Organization for Economic Co-operation and Development (OECD) published Review of the Corporate Governance of State-Owned Enterprises in Ukraine. It mentions Ukroboronprom and particularly the Draft Law №3822, which may become a foundation of the reform.
The OECD positively welcomed the provisions that introduce independent members to the supervisory board and remuneration to them.
However, the OECD outlined a number of risks contained in the January version of this Draft Law. Namely, the Draft:
- “cements the conflicting roles of the state as owner, policymaker, and regulator, which opens room for undue political intervention (including by the line ministry)”;
- “does not guarantee the independence of the supervisory board from the owner and policymaker”;
- “allows for easy replacement of management and, under the proposed corporate governance set-up.”

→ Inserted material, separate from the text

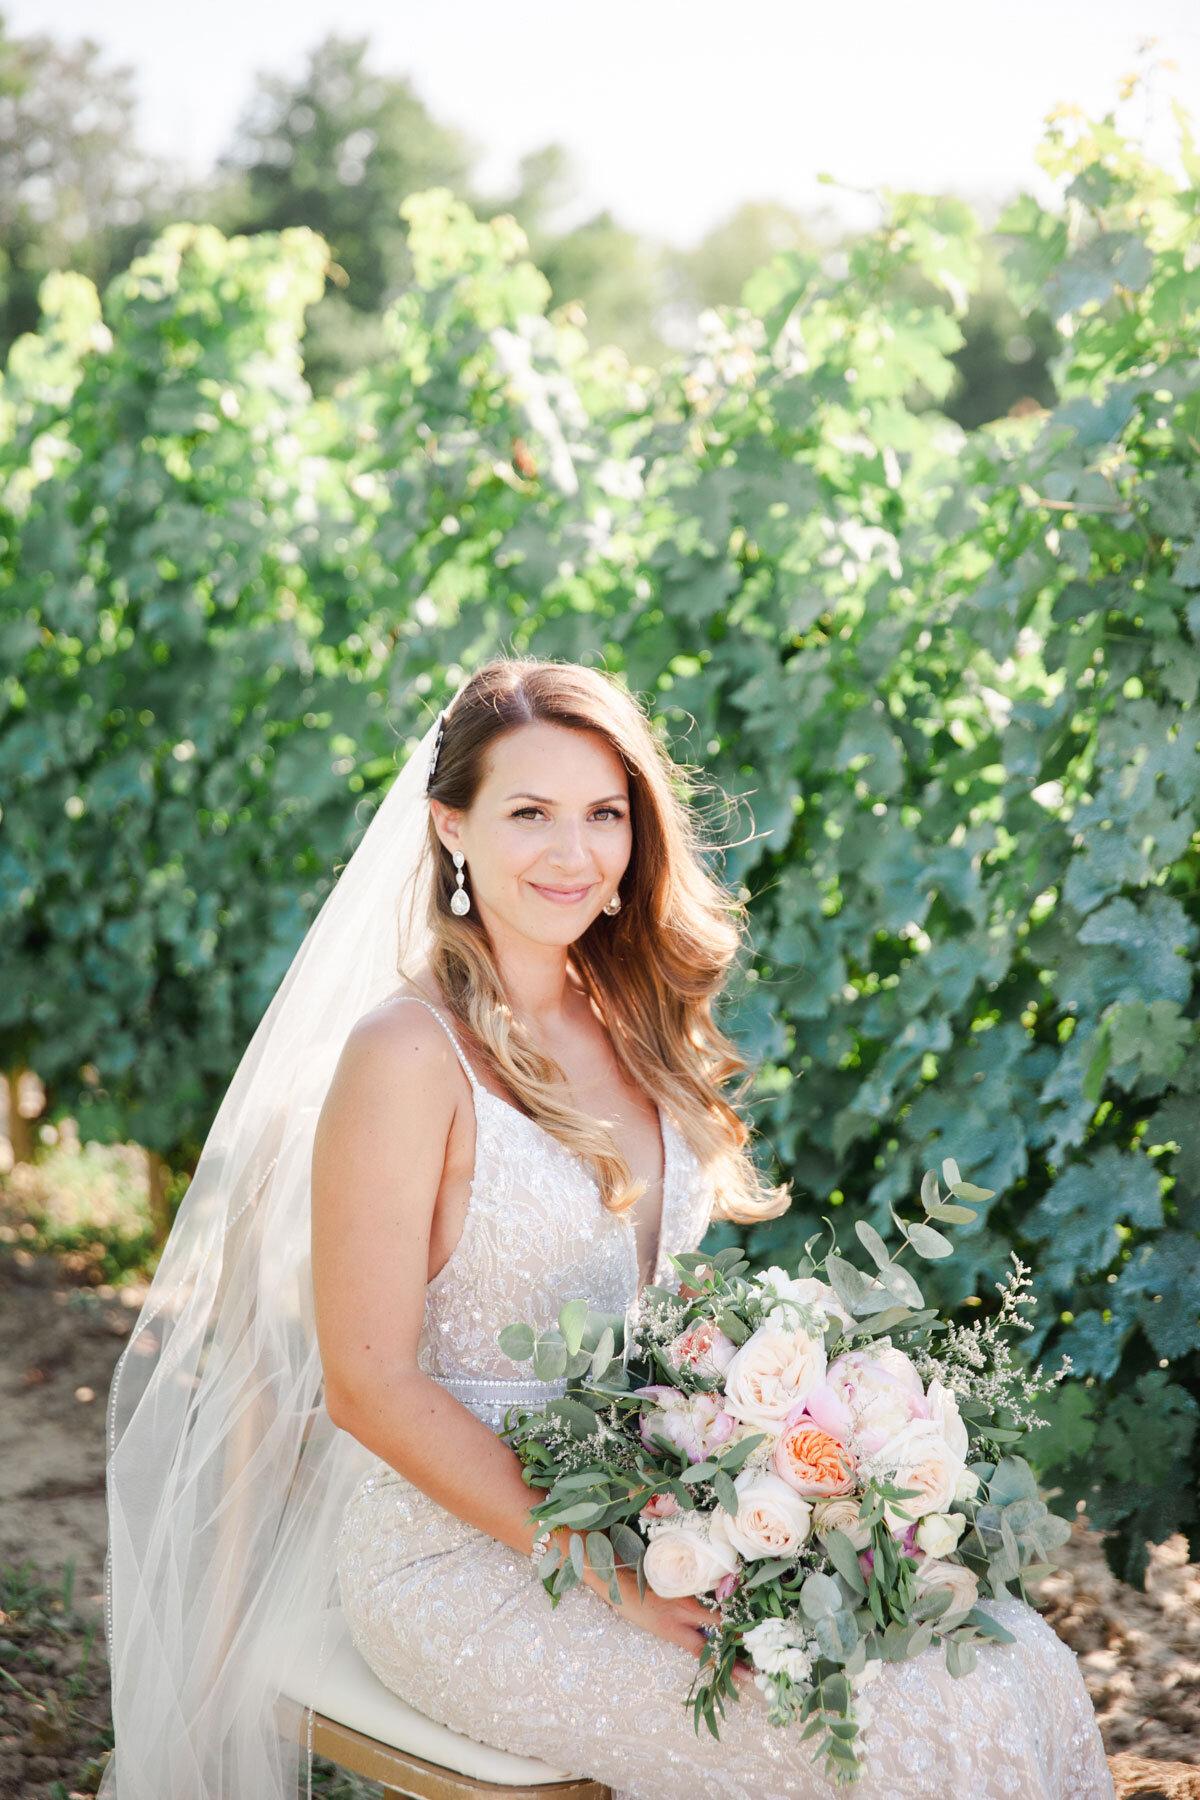 Chateau-des-Charmes-Wedding-Summer-Vineyard-Bride-Niagara-on-the-Lake-photos-by-Gemini-Photography-Ontario-0042.jpg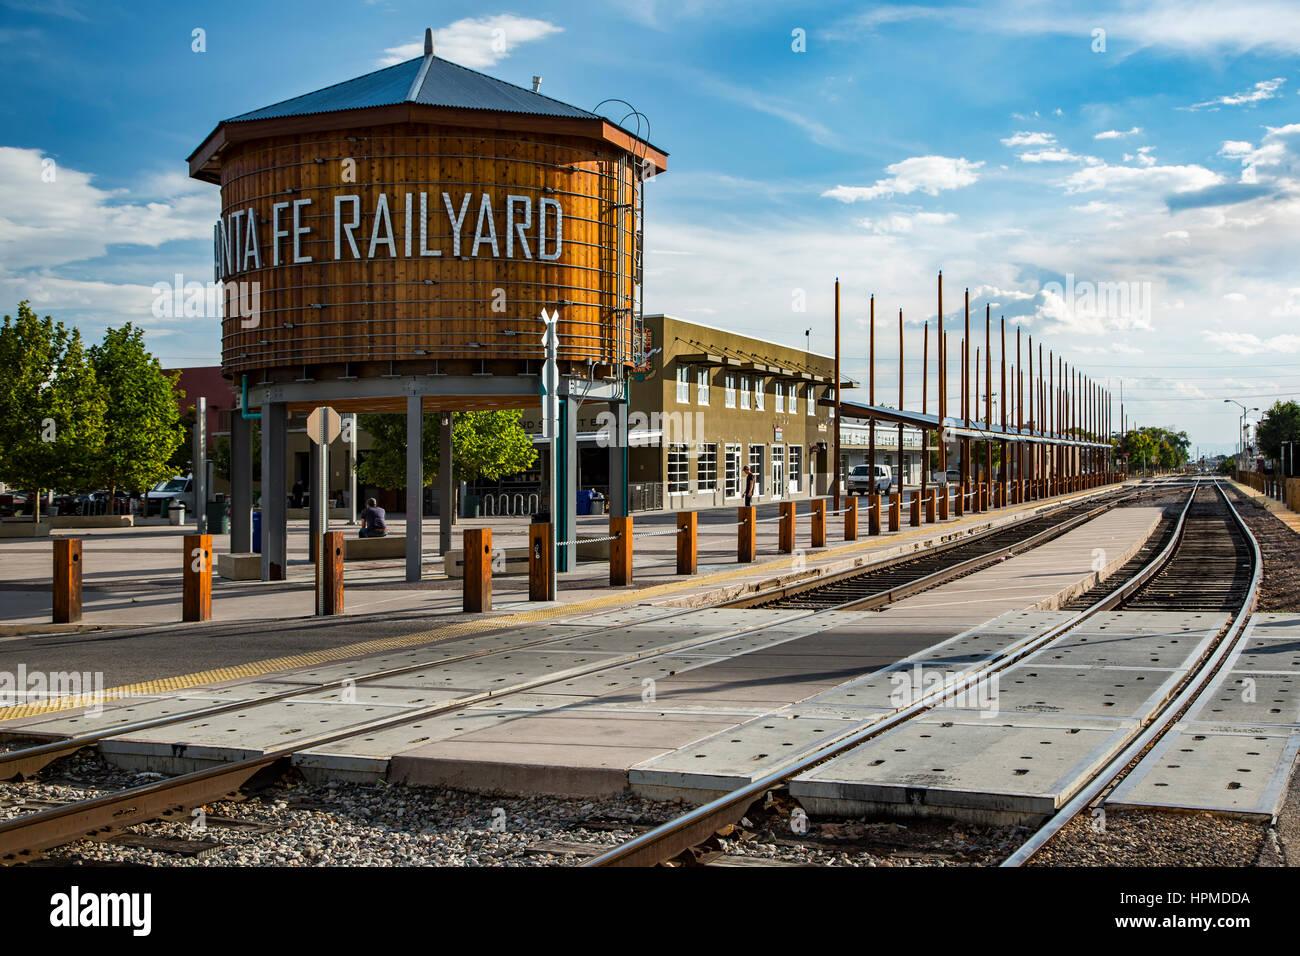 Water tank and tracks, Railyard District, Santa Fe, New Mexico USA - Stock Image

NAKO has previously published its position regarding corruption risks in the Draft. You can find our recommendations for the second reading here
Reforming the governance of Ukraine’s defence industry is a national security priority matter which is crucial for Ukraine’s ability to protect its democracy and to move towards Euro-Atlantic integration. State Concern Ukroboronprom (UOP) will be transformed according to the best practices in order to increase the global competitiveness of Ukraine’s defence industry and build more efficient enterprises that will be able to supply the Ukrainian army with high-quality equipment. In order to ensure that the UOP reform not only addresses legal restructuring but also focuses on the introduction of the corporate governance standards, it is necessary to supplement this draft law with provisions that meet OECD standards before it is adopted.